▶ [Work request]: The expected output is the full data, repeated exactly, without pictures.

▶ [Data extract]:
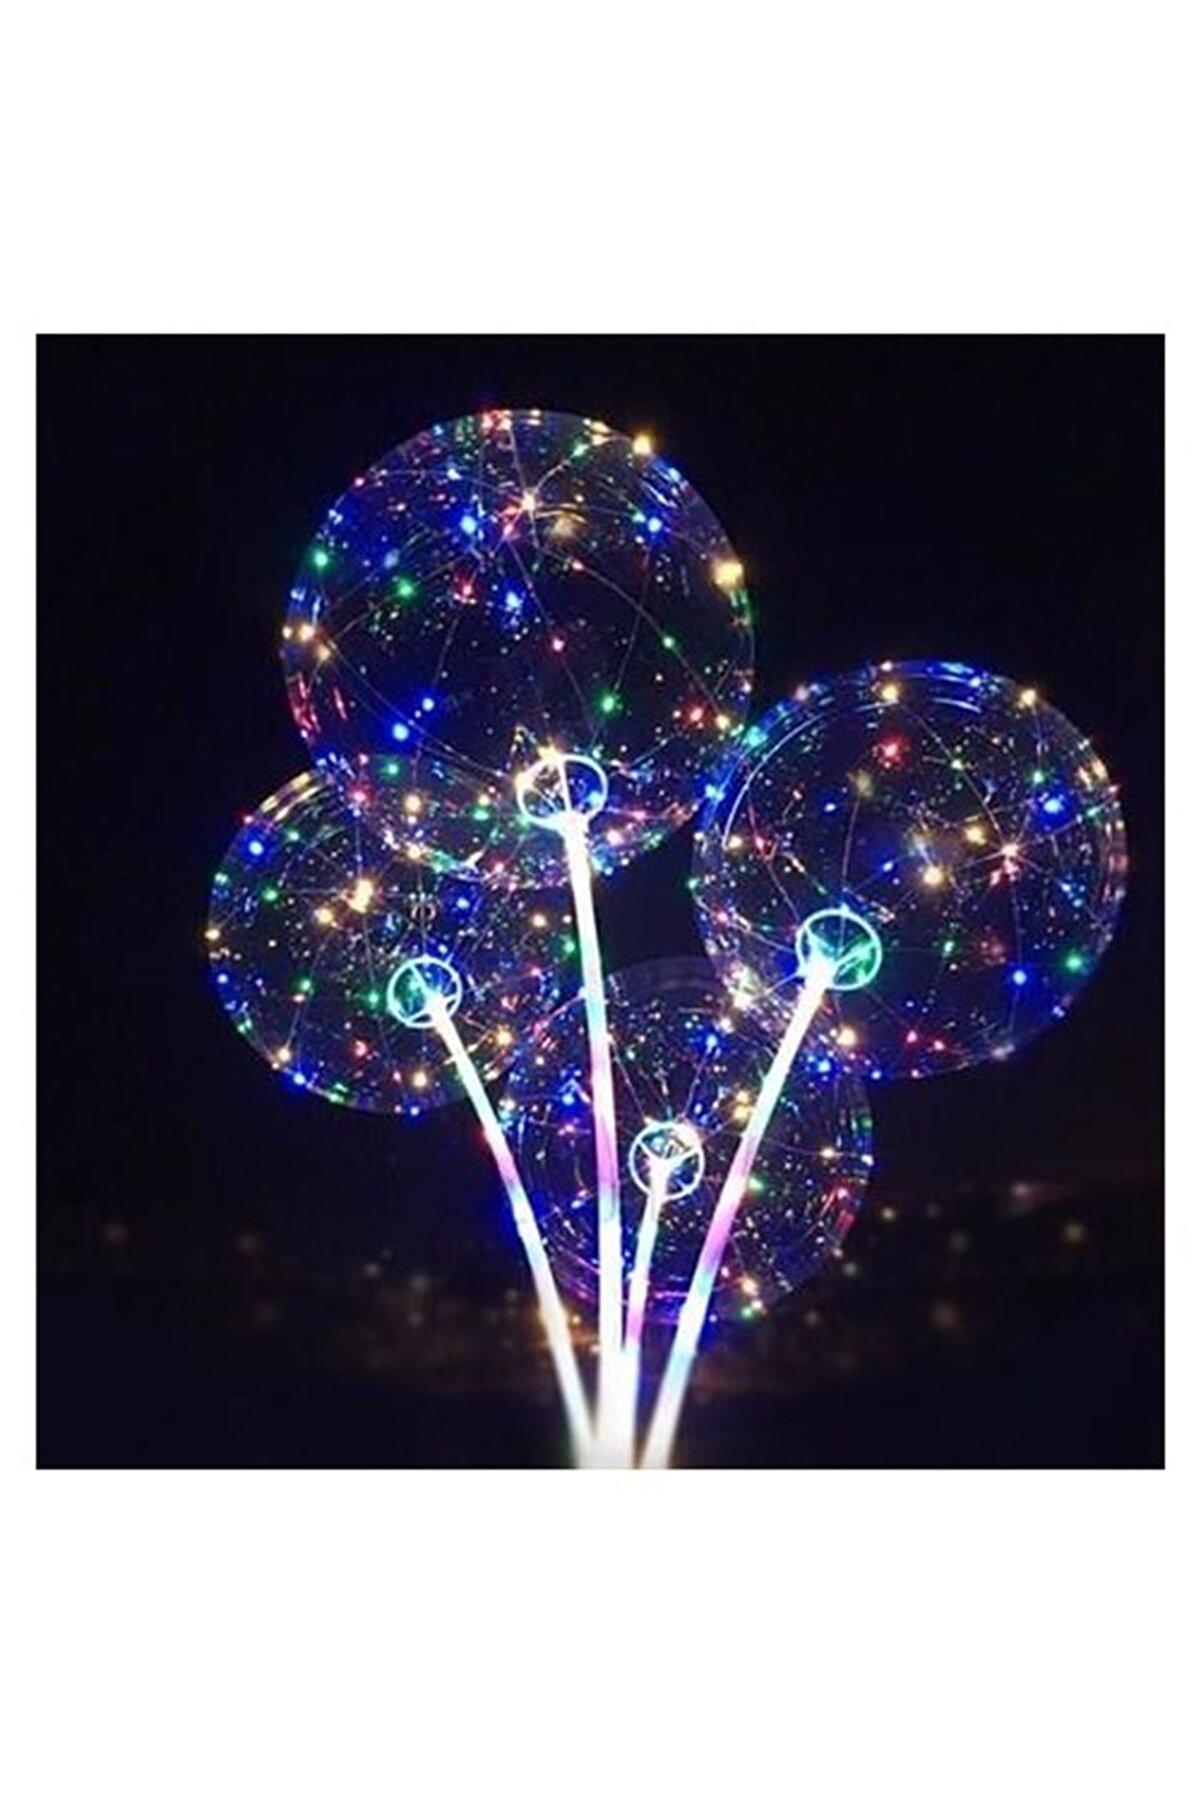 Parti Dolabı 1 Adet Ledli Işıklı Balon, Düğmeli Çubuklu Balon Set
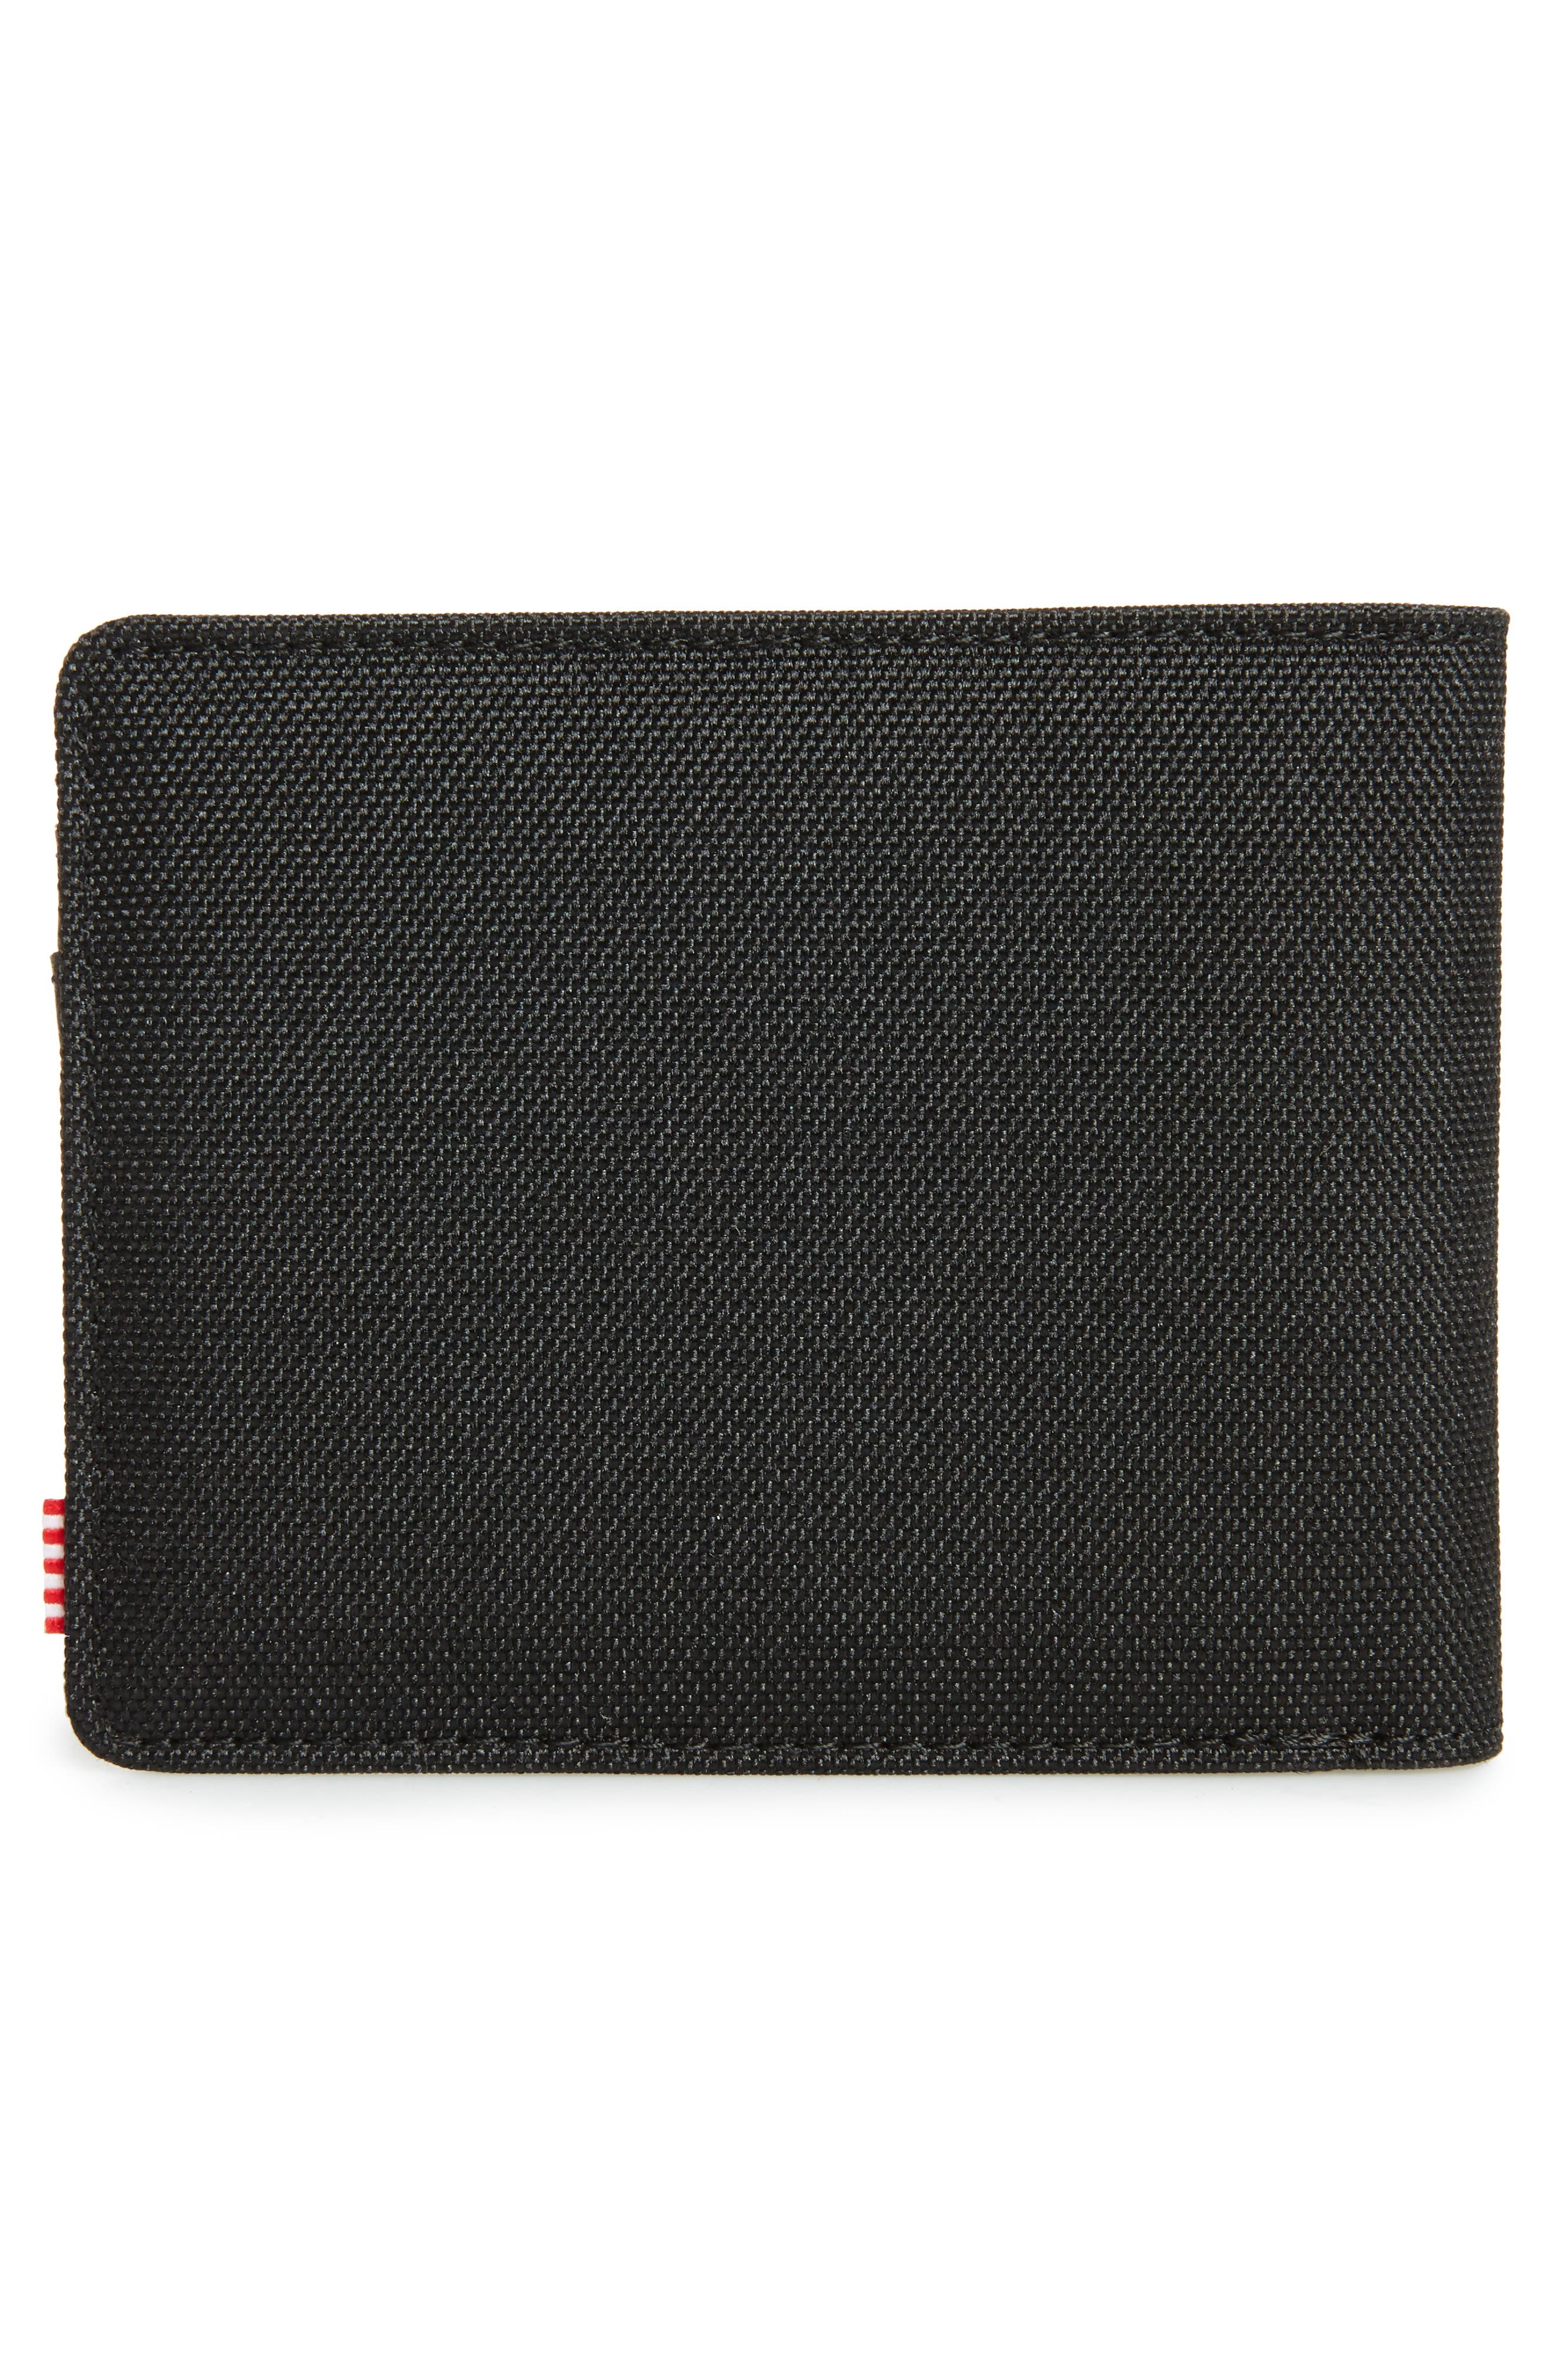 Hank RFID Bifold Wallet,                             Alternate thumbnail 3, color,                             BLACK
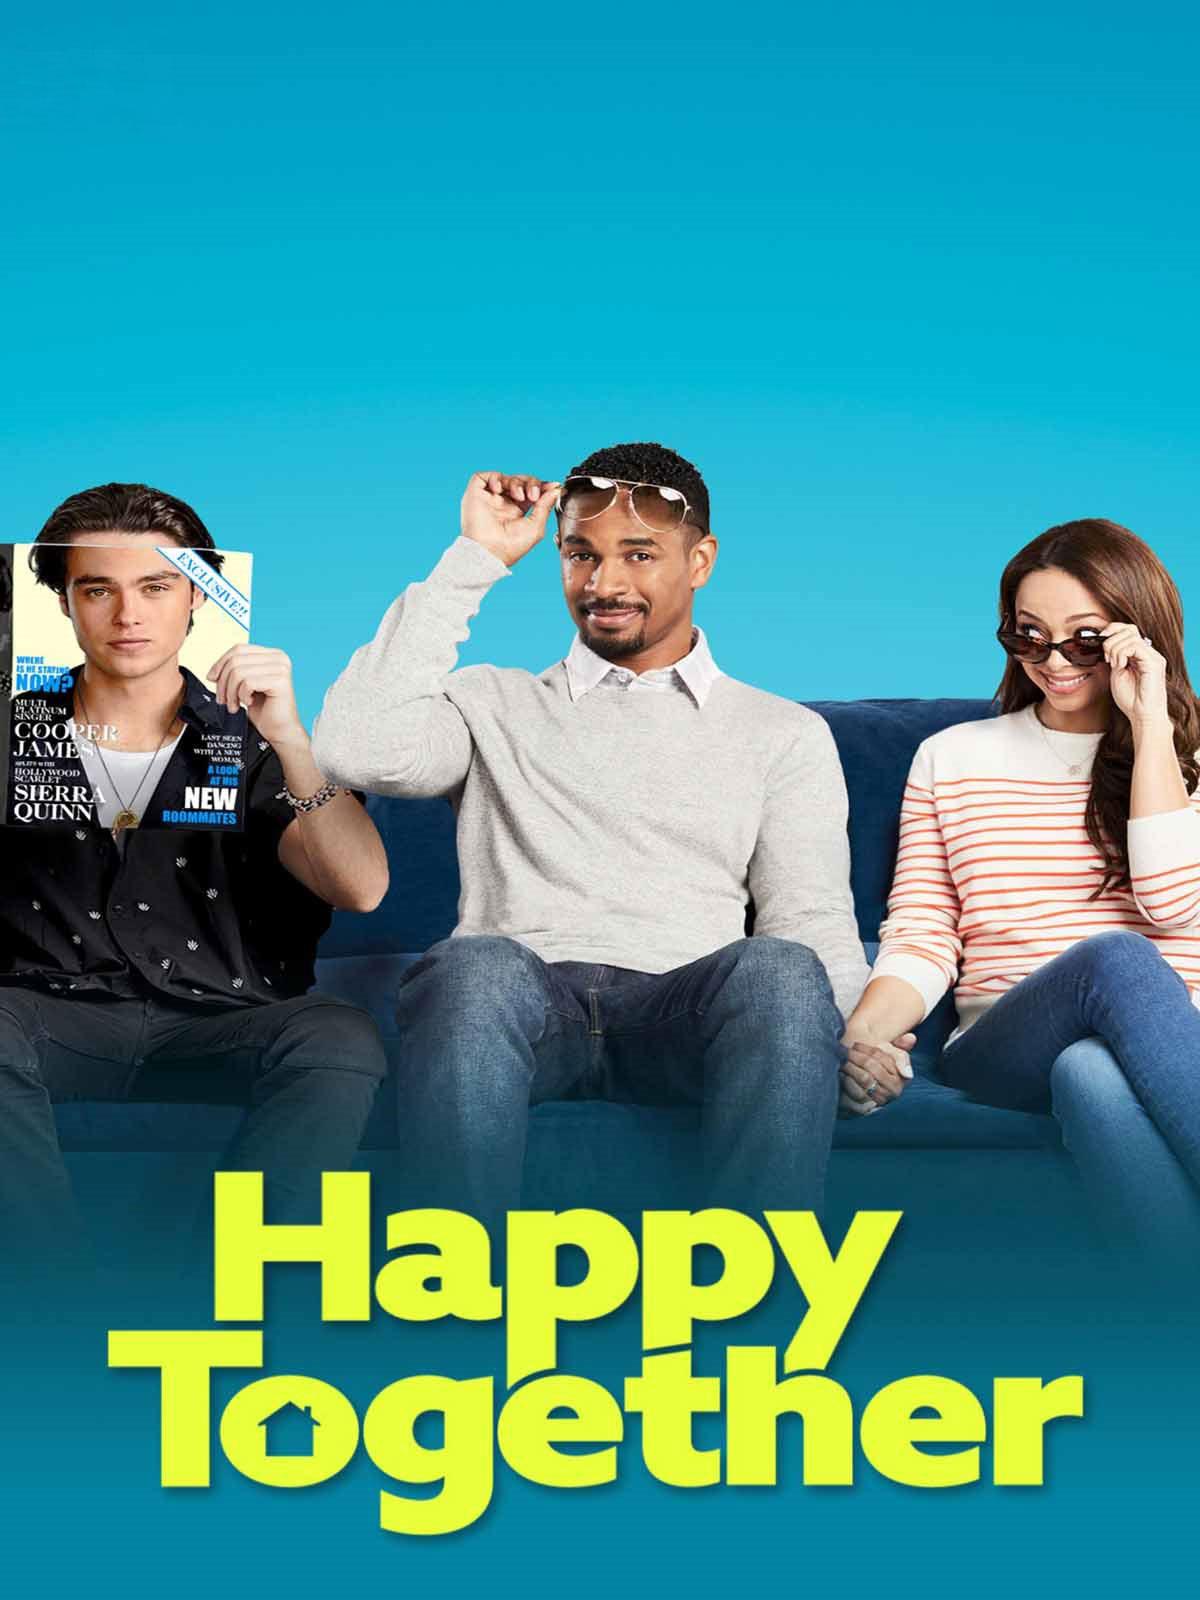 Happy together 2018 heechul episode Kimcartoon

▶ [Worked solution]:
 Parti Dolabı 1 Adet Ledli Işıklı Balon, Düğmeli Çubuklu Balon Set
 Hank RFID Bifold Wallet,                             Alternate thumbnail 3, color,                             BLACK
 Happy together 2018 heechul episode Kimcartoon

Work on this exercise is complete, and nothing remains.